An allem sollen die Russen schuld sein: Das geht an der viel komplexeren Realität völlig vorbei
Was sind denn die Versäumnisse des Westens?
Dass die Amerikaner über Jahre versucht haben, die Ukraine in die NATO zu holen. Victoria Nuland ist da eine der Schlüsselfiguren, die sich das auf die Fahne geschrieben hatte. Bis vor kurzem war sie noch für die eurasische Politik im amerikanischen Außenministerium verantwortlich. Leute wie sie haben immer gedacht: Die USA machen, was sie für richtig halten. Außerdem: Putin blufft nur. Das war ein schwerwiegender Fehler. 2019 hat die Ukraine die Mitgliedschaft sowohl in der EU als auch in der NATO sogar zum Staatsziel in der Verfassung erhoben. Wie konnte man das nur machen? Wo man, wenn man nicht taub war, wissen konnte, dass Putin das nicht mitmacht?
Hat die Ukraine völkerrechtlich und moralisch nicht das Recht, ihre eigene Außenpolitik zu machen?
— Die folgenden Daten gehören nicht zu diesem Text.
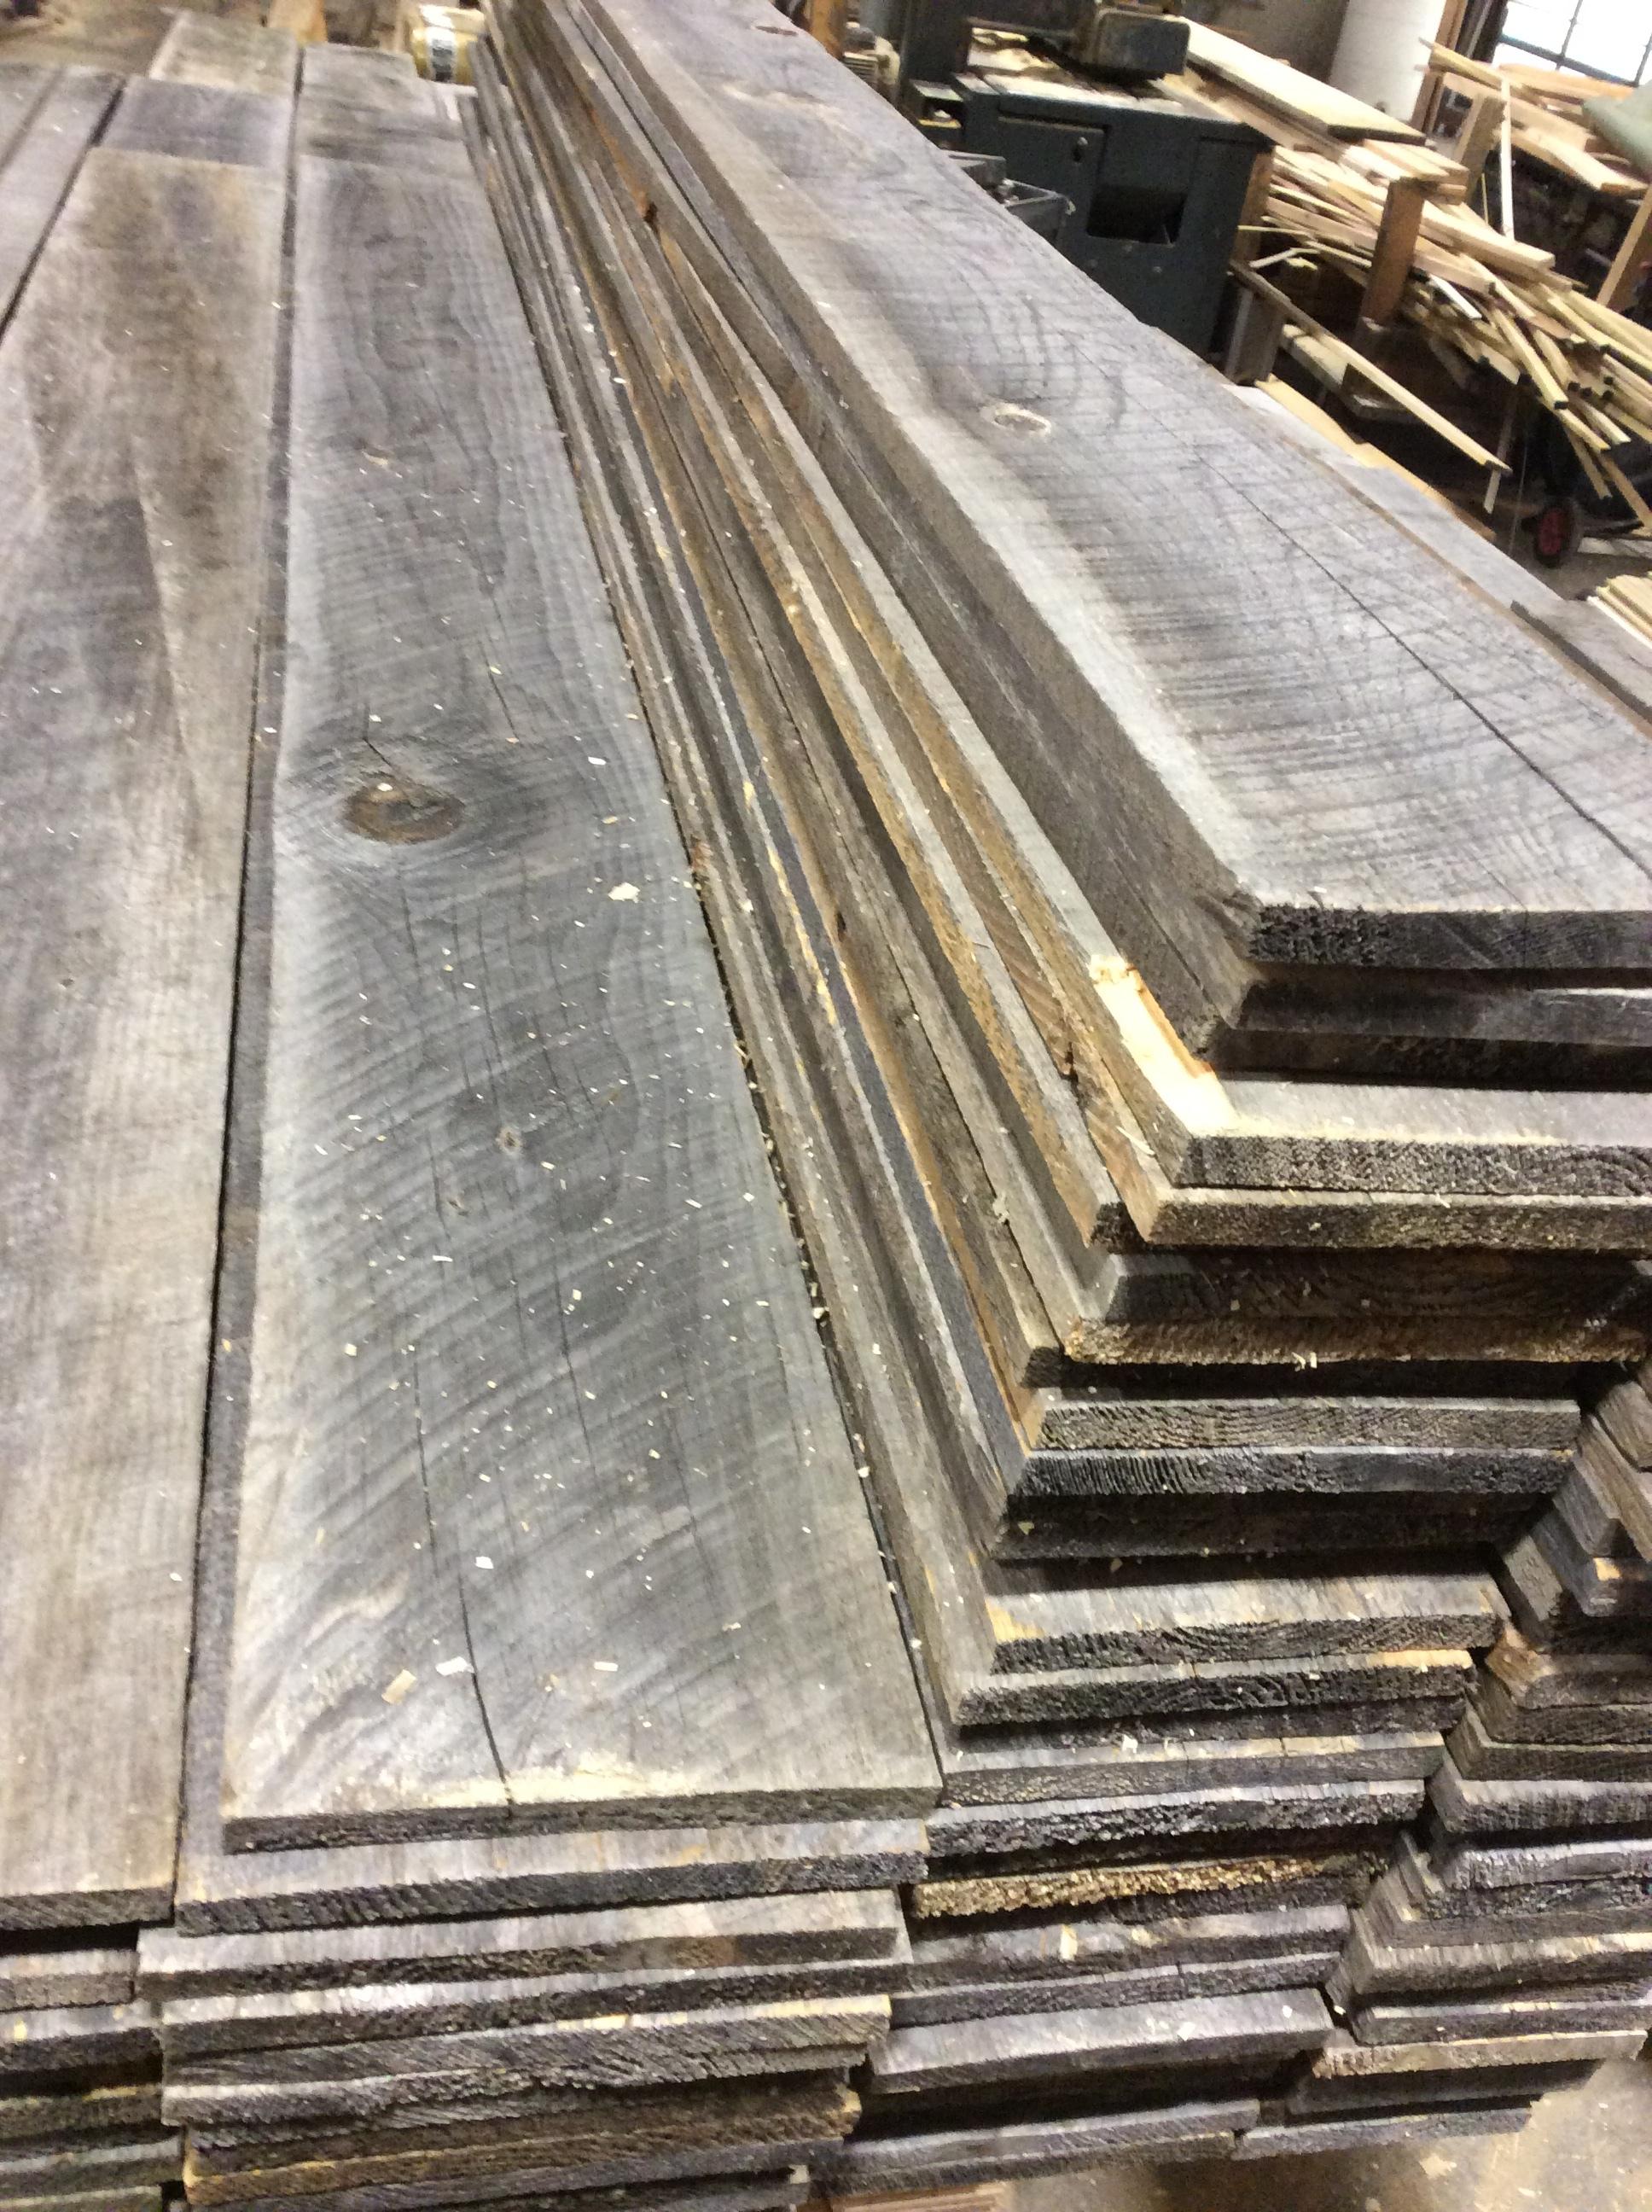 Barn Board Stock Pile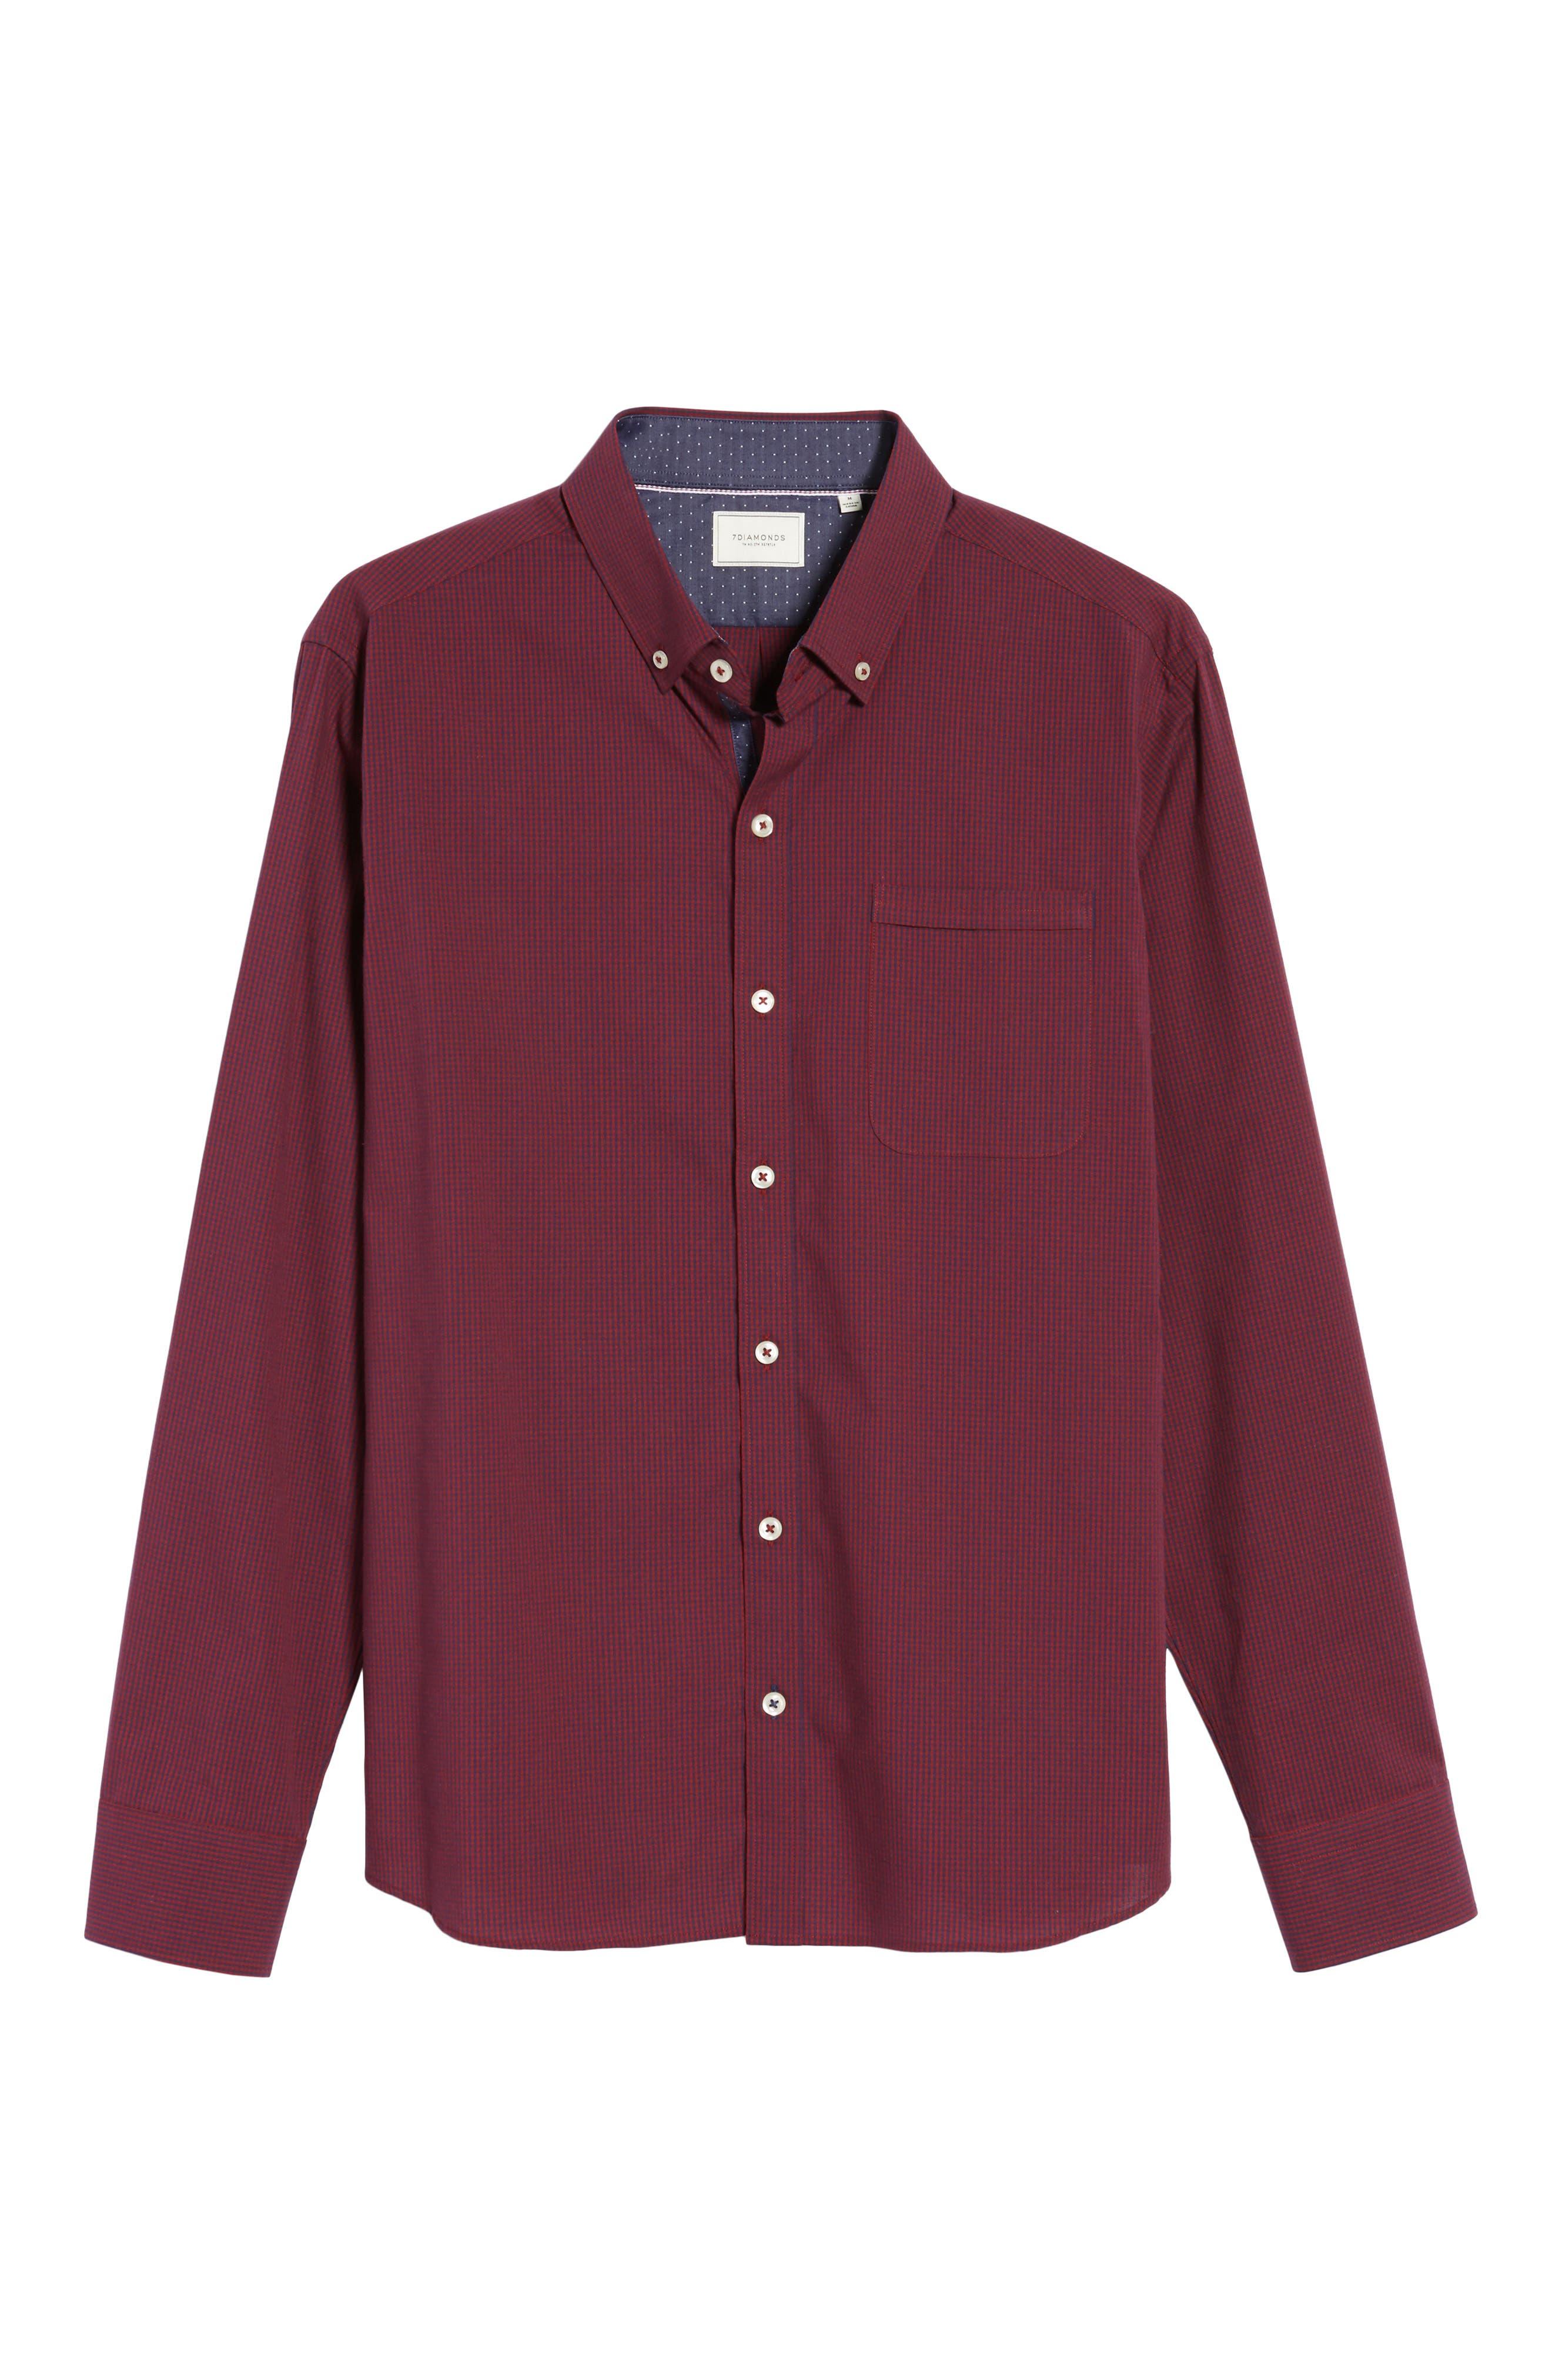 Oracle Woven Shirt,                             Alternate thumbnail 6, color,                             600

Völlig richtig. Aber Recht und Moral sind in der internationalen Politik noch nie die allein gültigen Maßstäbe gewesen. Wie man so an der Realität vorbeigehen konnte, obwohl es nebenan eine große Macht gab, die bereit war, militärisch einzugreifen – das erschließt sich nur, wenn man die Arroganz der Macht in Rechnung stellt, deren Schwäche darin besteht, sich selbst zu überschätzen und Realitäten auszublenden.